UA-Backed Solar Wind Explorer Sending Back Data

The Parker Solar Probe has started to prove theories about solar wind first proposed in the '50s, a researcher says.

Aurora Northern lights The Aurora Borealis dances over the U.S. Midwest Jan. 25, 2012, from the vantage point of the International Space Station.
NASA

Days after OSIRIS-REx arrived at the asteroid Bennu, space scientists are awaiting news from the next interplanetary explorer with University of Arizona connections.

The Parker Solar Probe is measuring the solar system's environment near the sun. Three researchers with the UA Lunar and Planetary Laboratory are among the scientists working on the project.

Research associate Marcia Neugebauer says the satellite is sending back information about the solar wind, a flow of energetic particles emanating from the sun that is only now becoming understood by scientists.

"We've learned the solar wind is always there, but it's not always the same," said Neugebauer.

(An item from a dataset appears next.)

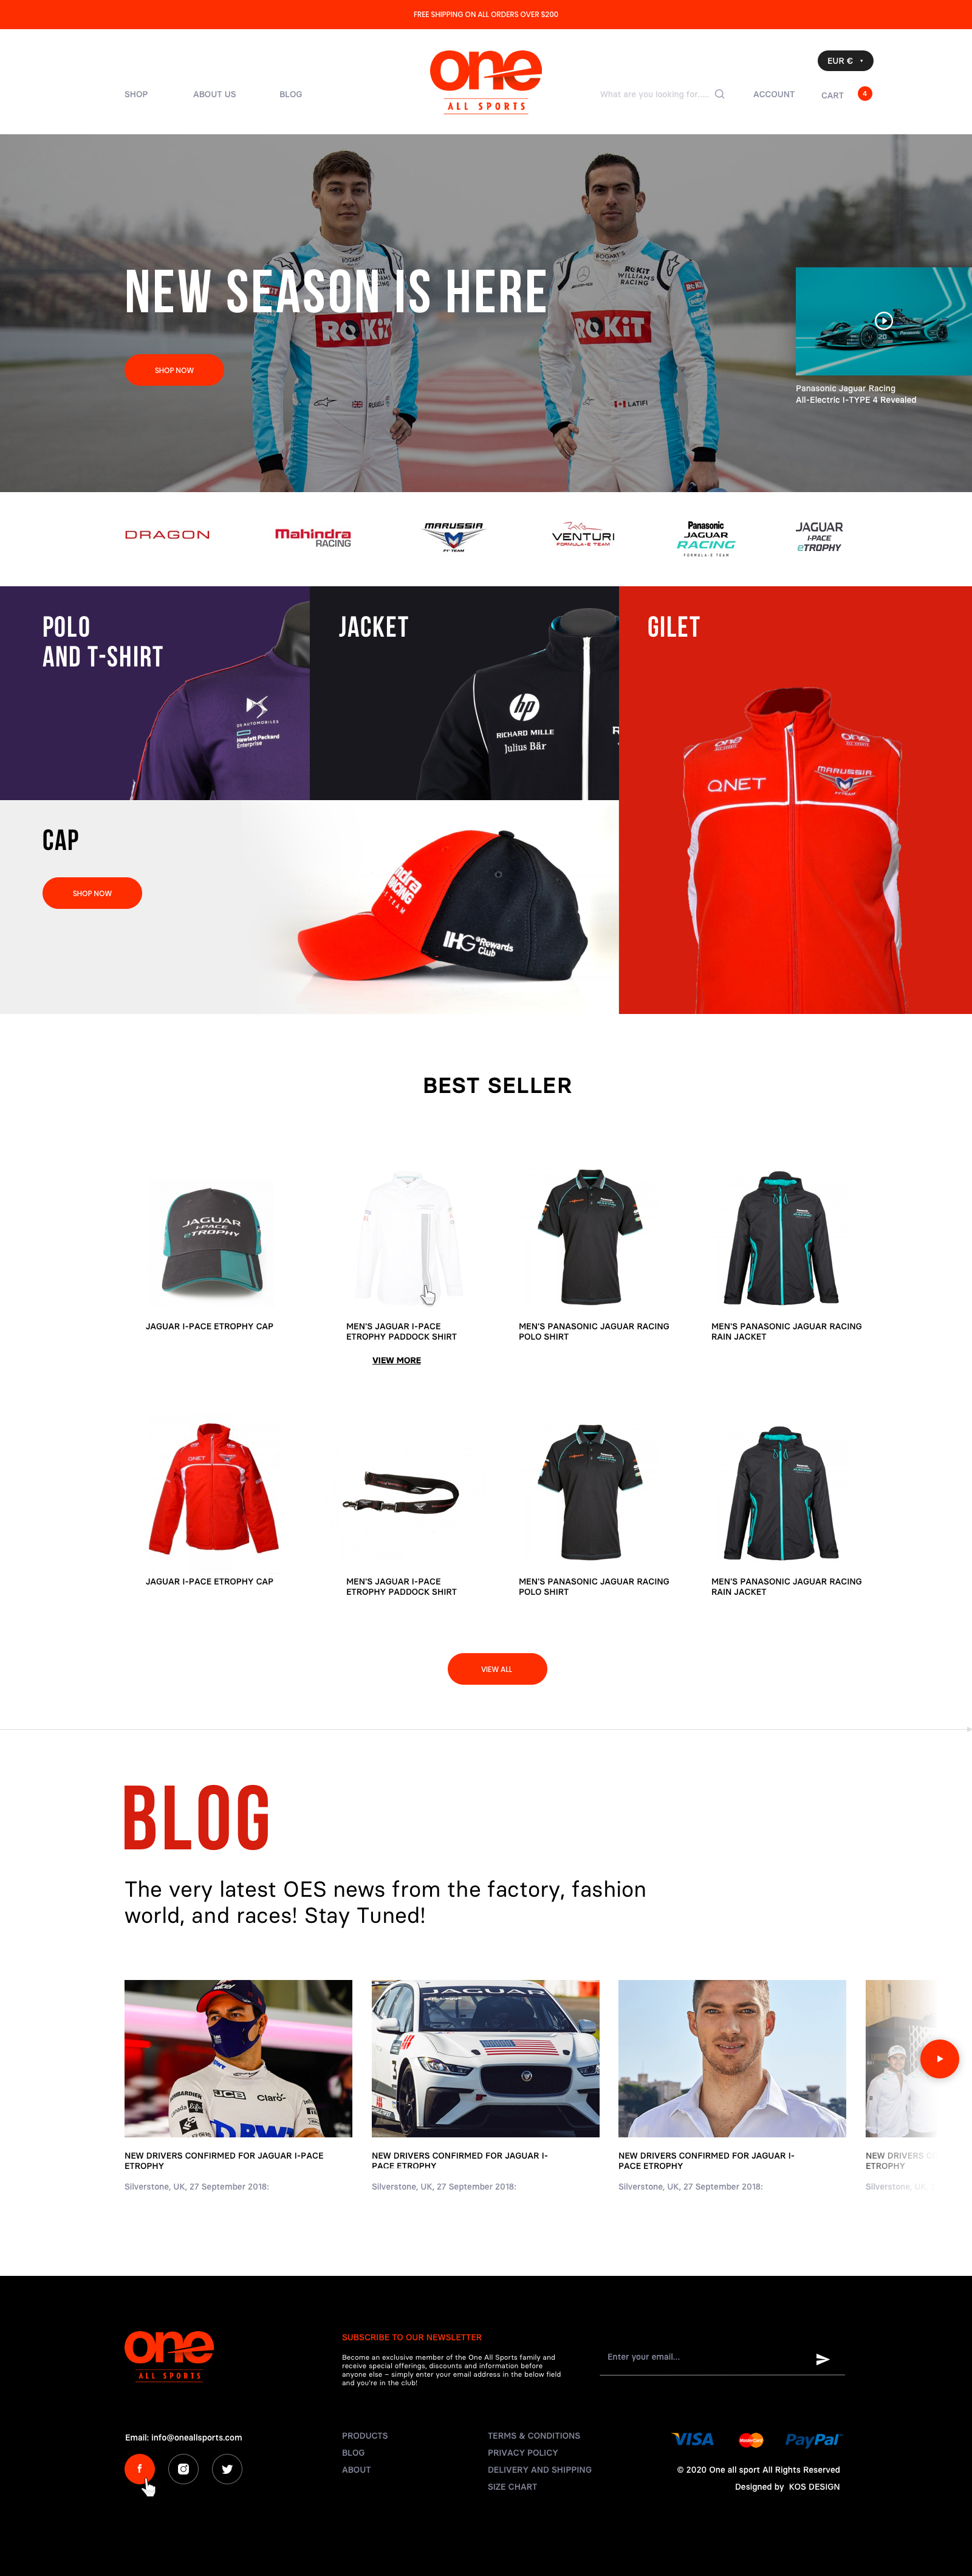 KOS Design - One All Sports
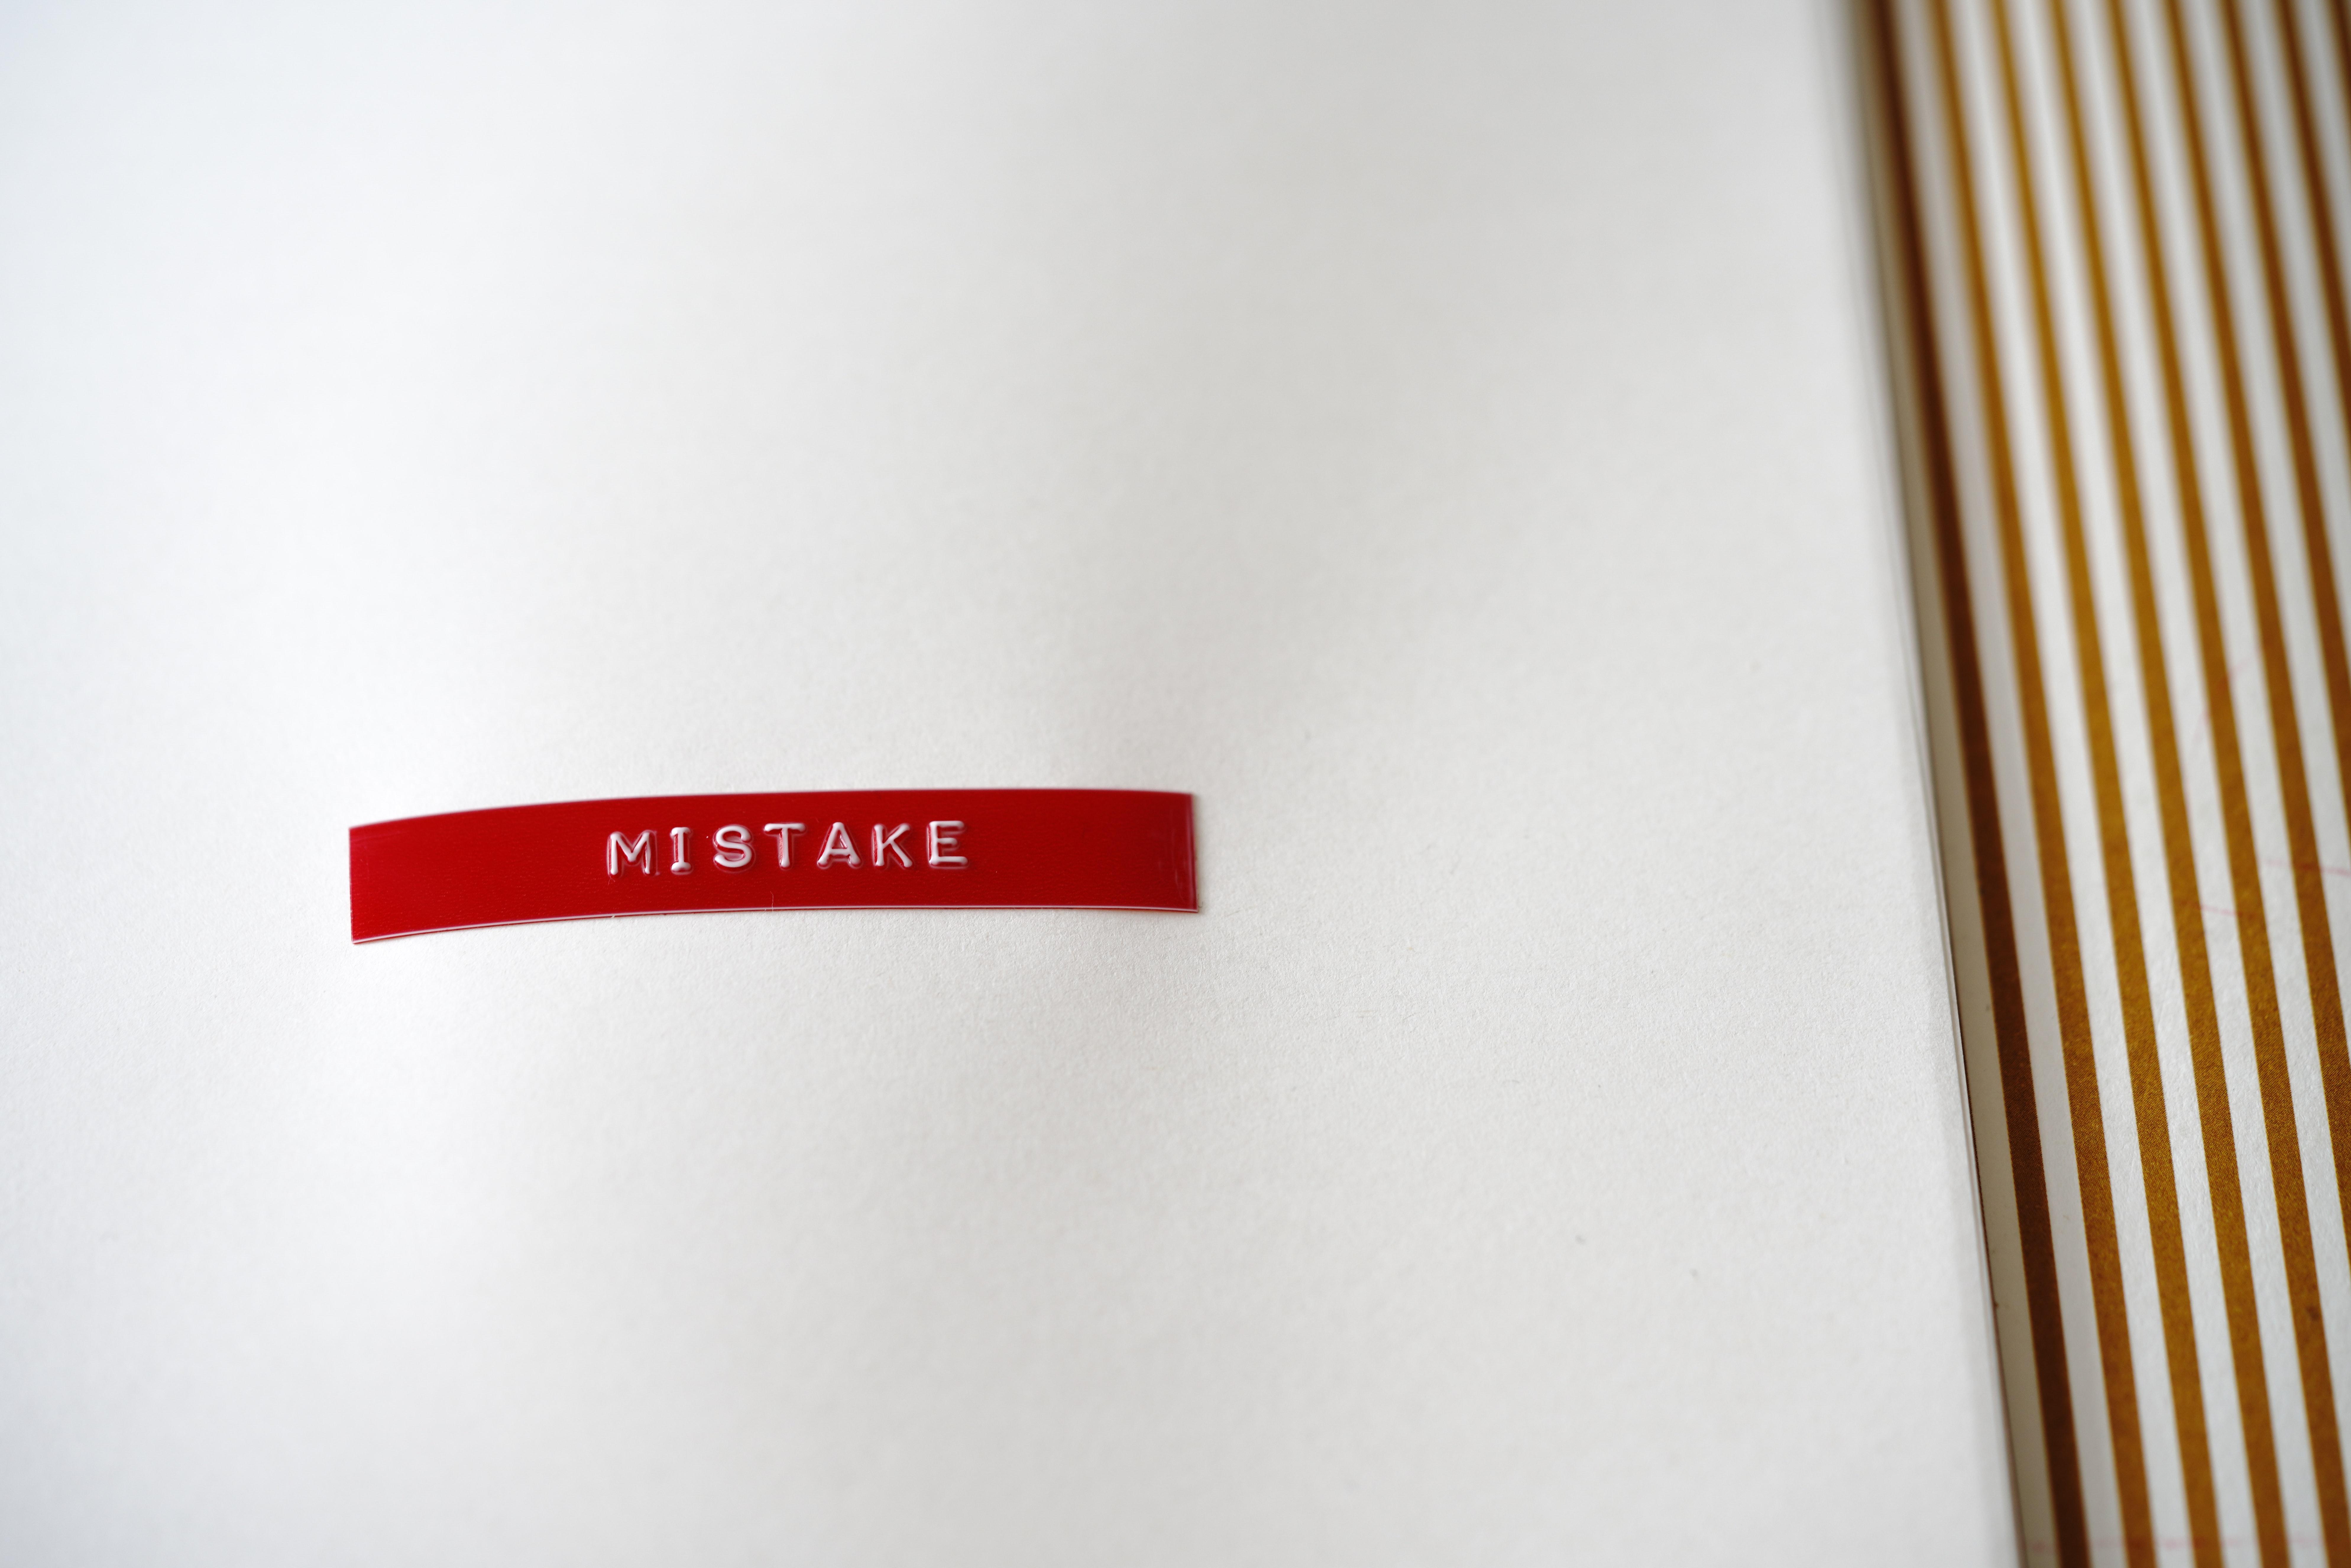 Mistake Inscription

The satellite is named after solar scientist Eugene Parker, and Neugebauer notes it has begun proving theories about the solar wind Parker first proposed in the 1950s.

"It was supersonic, it was going at about the speed Parker predicted," she said.

The solar wind interacts with the Earth's atmosphere to create the Northern Lights and a similar aerial display in the southern hemisphere. The Parker Solar Probe is expected to keep relaying information about the sun for the next seven years.